Uncertainty Quantification in Coupled Multiphysics Systems via Gaussian Process Surrogates: Application to Fuel Assembly Bow
Ali Abboud, Josselin Garnier, Bertrand Leturcq, Stanislas de Lambert
TL;DR
The paper tackles uncertainty quantification for tightly coupled multiphysics systems by embedding Gaussian Process surrogates for each solver into a fixed-point coupling framework, and proving that the coupled predictive variance remains bounded under mild regularity via a contraction with modulus $\varrho<1$. A theoretical analysis connects GP posterior variance to fill distance for Matérn kernels and establishes Lipschitz stability of the coupled solution map, yielding a finite-sample, high-probability bound on Monte Carlo outputs.

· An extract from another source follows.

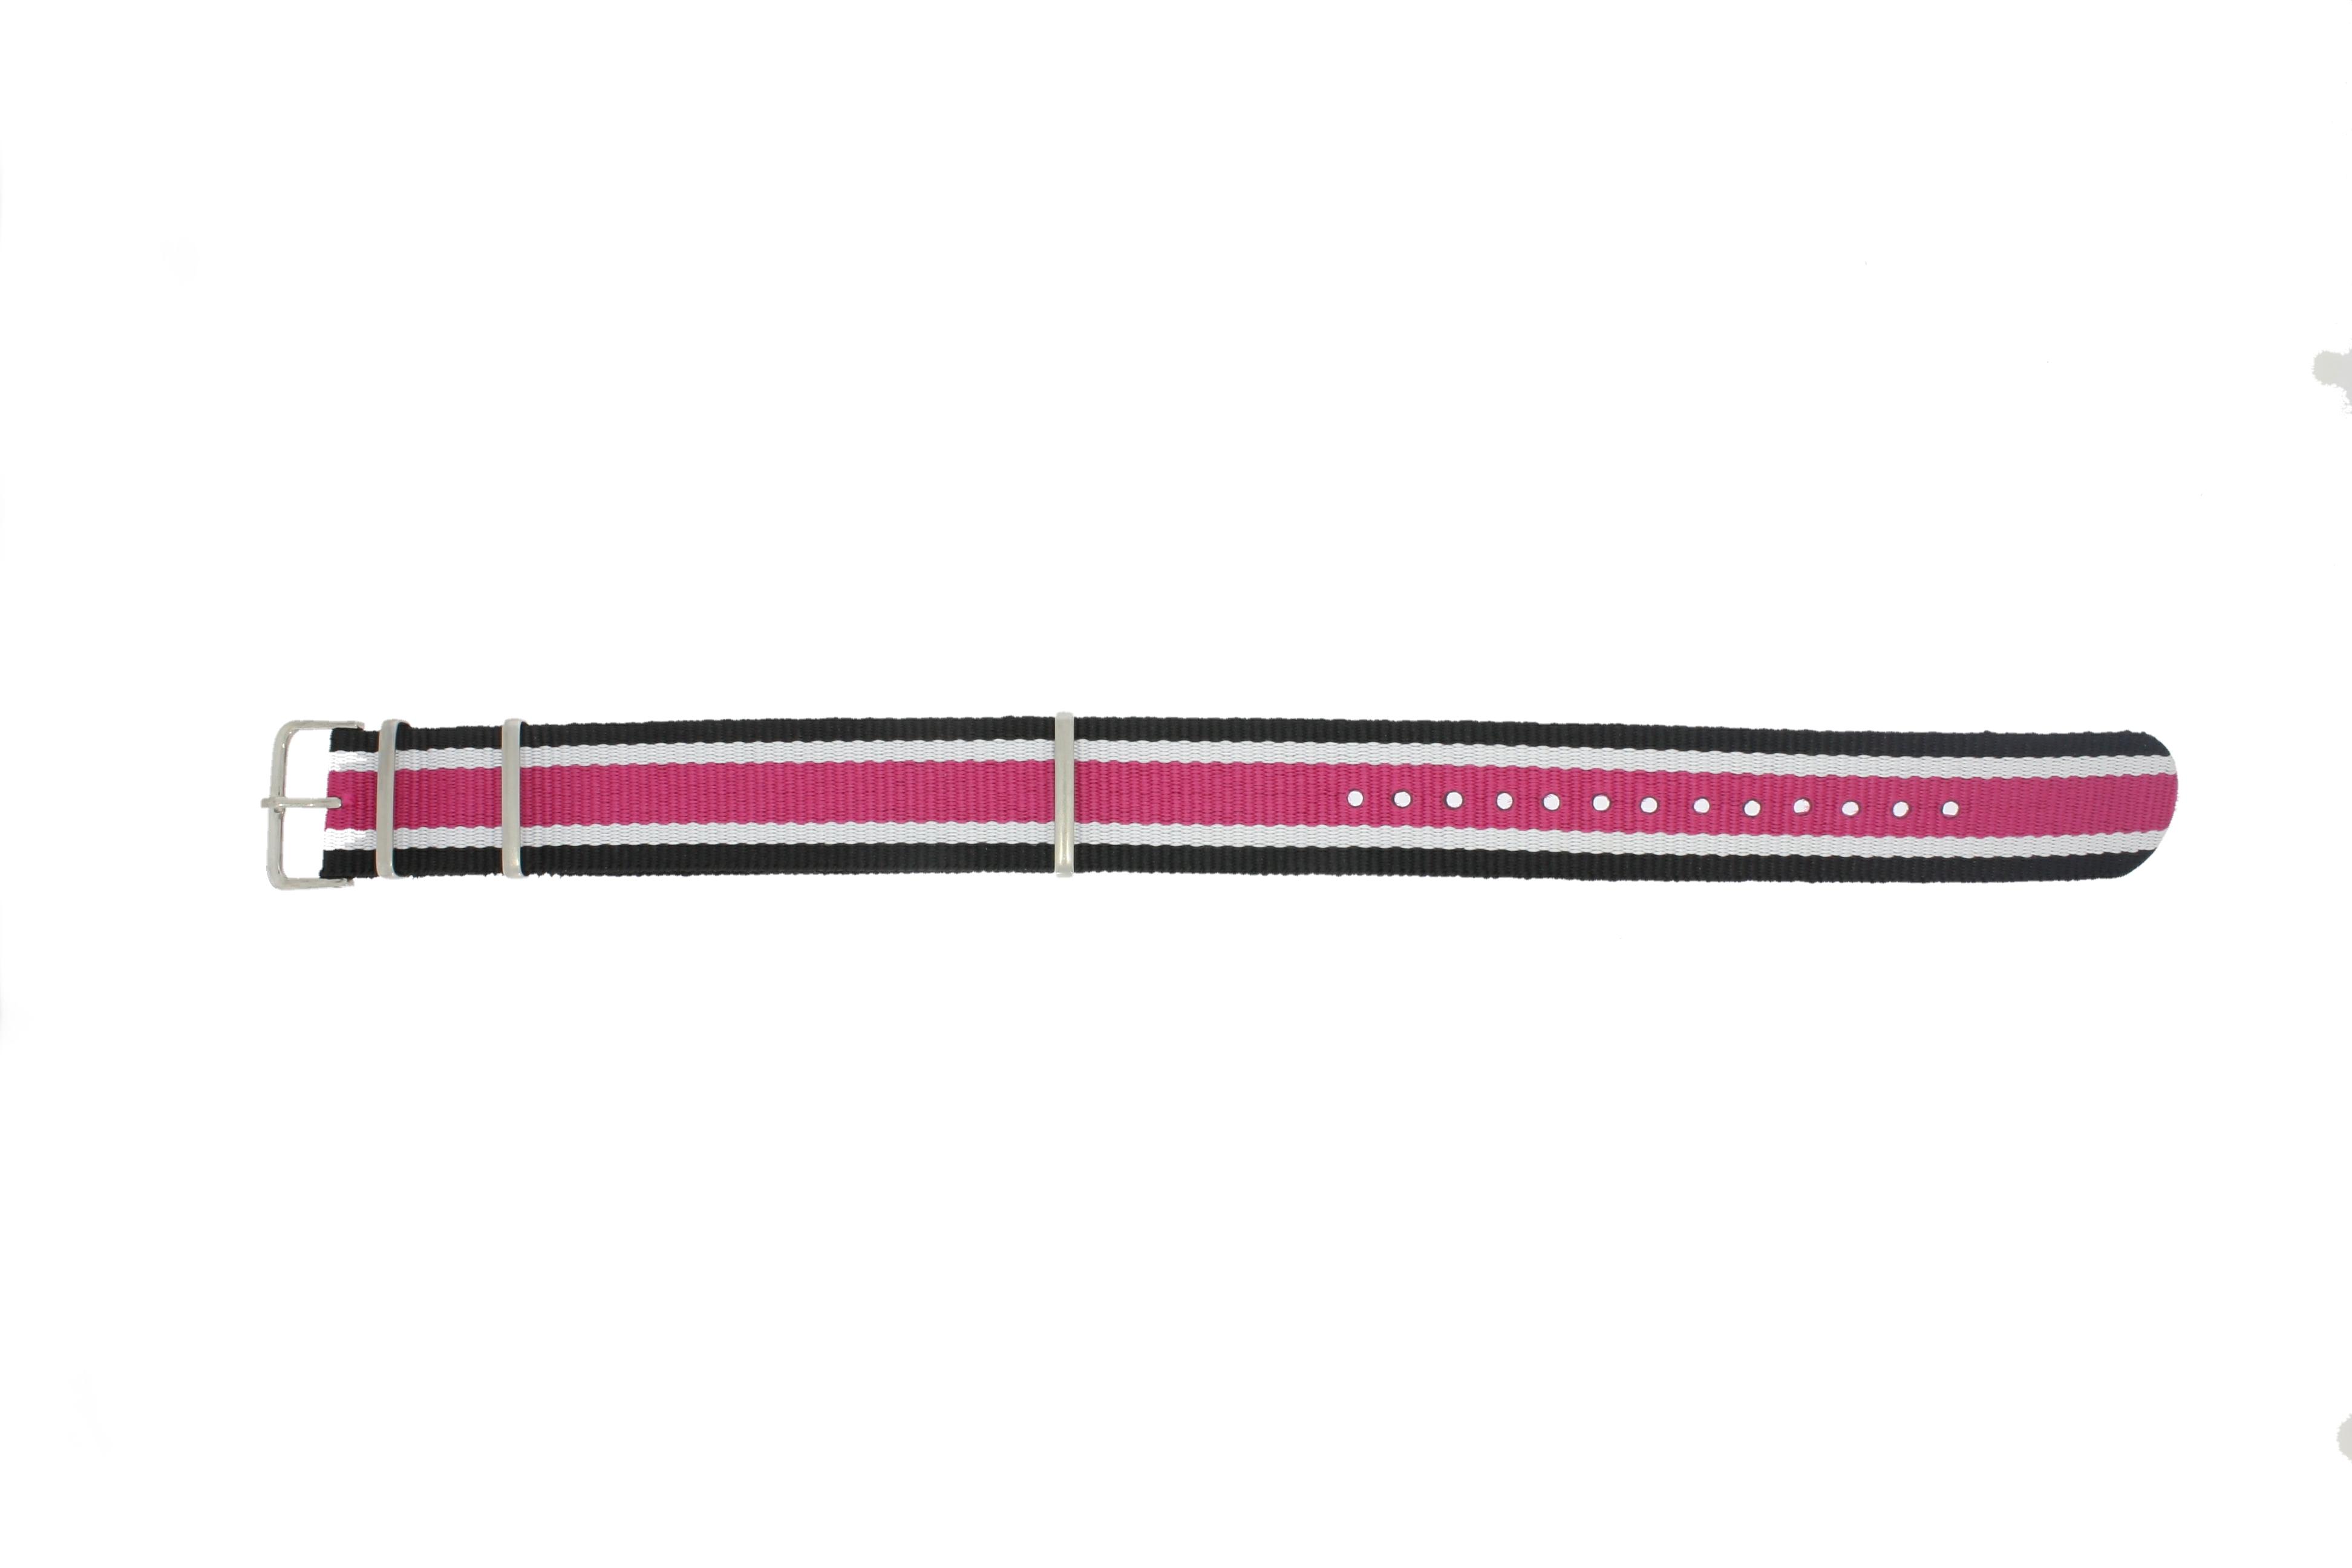 Horlogeband Textiel 22mm Zwart / Wit / Roze MD 1002
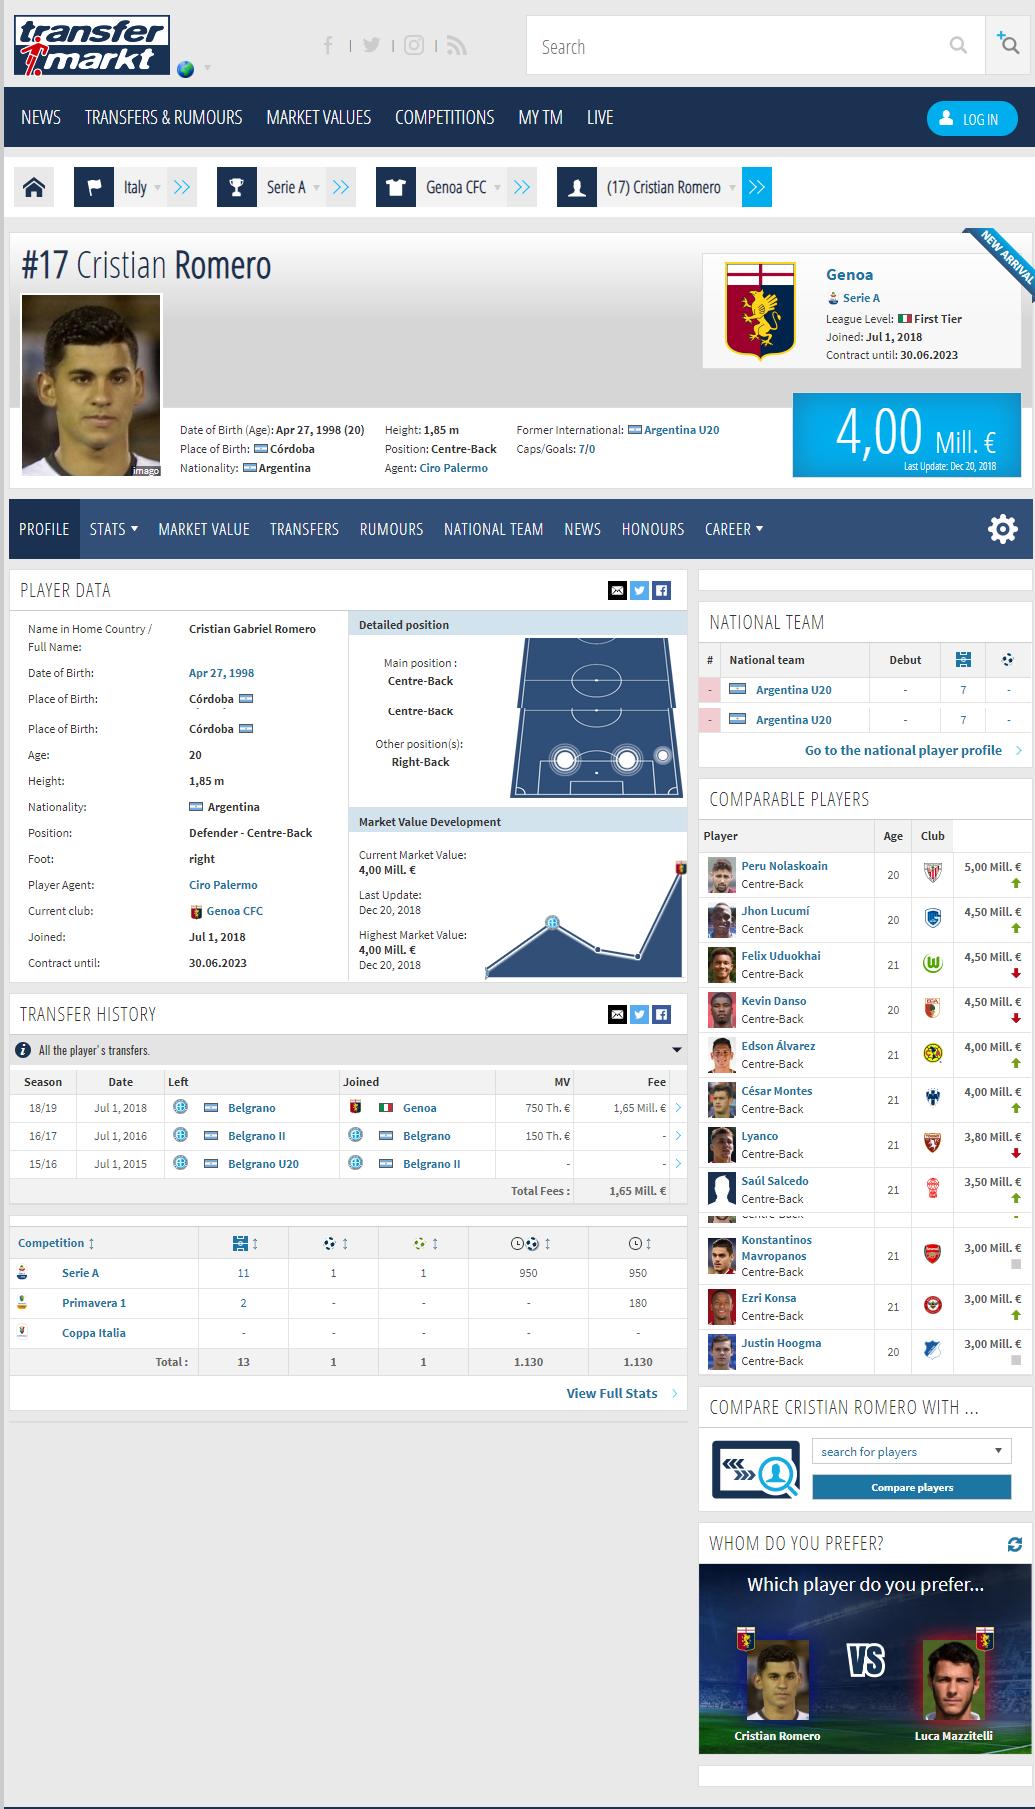 screencapture-transfermarkt-cristian-romero-profil-spieler-35591.png

The methodology is validated on an analytical benchmark and then applied to fuel-assembly bow in a two-solver hydraulic–mechanical FSI setting, showing that surrogate-induced uncertainty is small (e.g., $\sim$0.26 mm) compared with input-driven deformation scales and that using GP mean predictors is both accurate and computationally efficient. Overall, the work provides a rigorous, surrogate-based pathway for large-scale UQ in coupled multiphysics simulations with practical implications for reactor safety analyses.
Abstract
Predicting fuel assembly bow in pressurized water reactors requires solving tightly coupled fluid-structure interaction problems, whose direct simulations can be computationally prohibitive, making large-scale uncertainty quantification (UQ) very challenging. This work introduces a general mathematical framework for coupling Gaussian process (GP) surrogate models representing distinct physical solvers, aimed at enabling rigorous UQ in coupled multiphysics systems. A theoretical analysis establishes that the predictive variance of the coupled GP system remains bounded under mild regularity and stability assumptions, ensuring that uncertainty does not grow uncontrollably through the iterative coupling process. The methodology is then applied to the coupled hydraulic-structural simulation of fuel assembly bow, enabling global sensitivity analysis and full UQ at a fraction of the computational cost of direct code coupling. The results demonstrate accurate uncertainty propagation and stable predictions, establishing a solid mathematical basis for surrogate-based coupling in large-scale multiphysics simulations.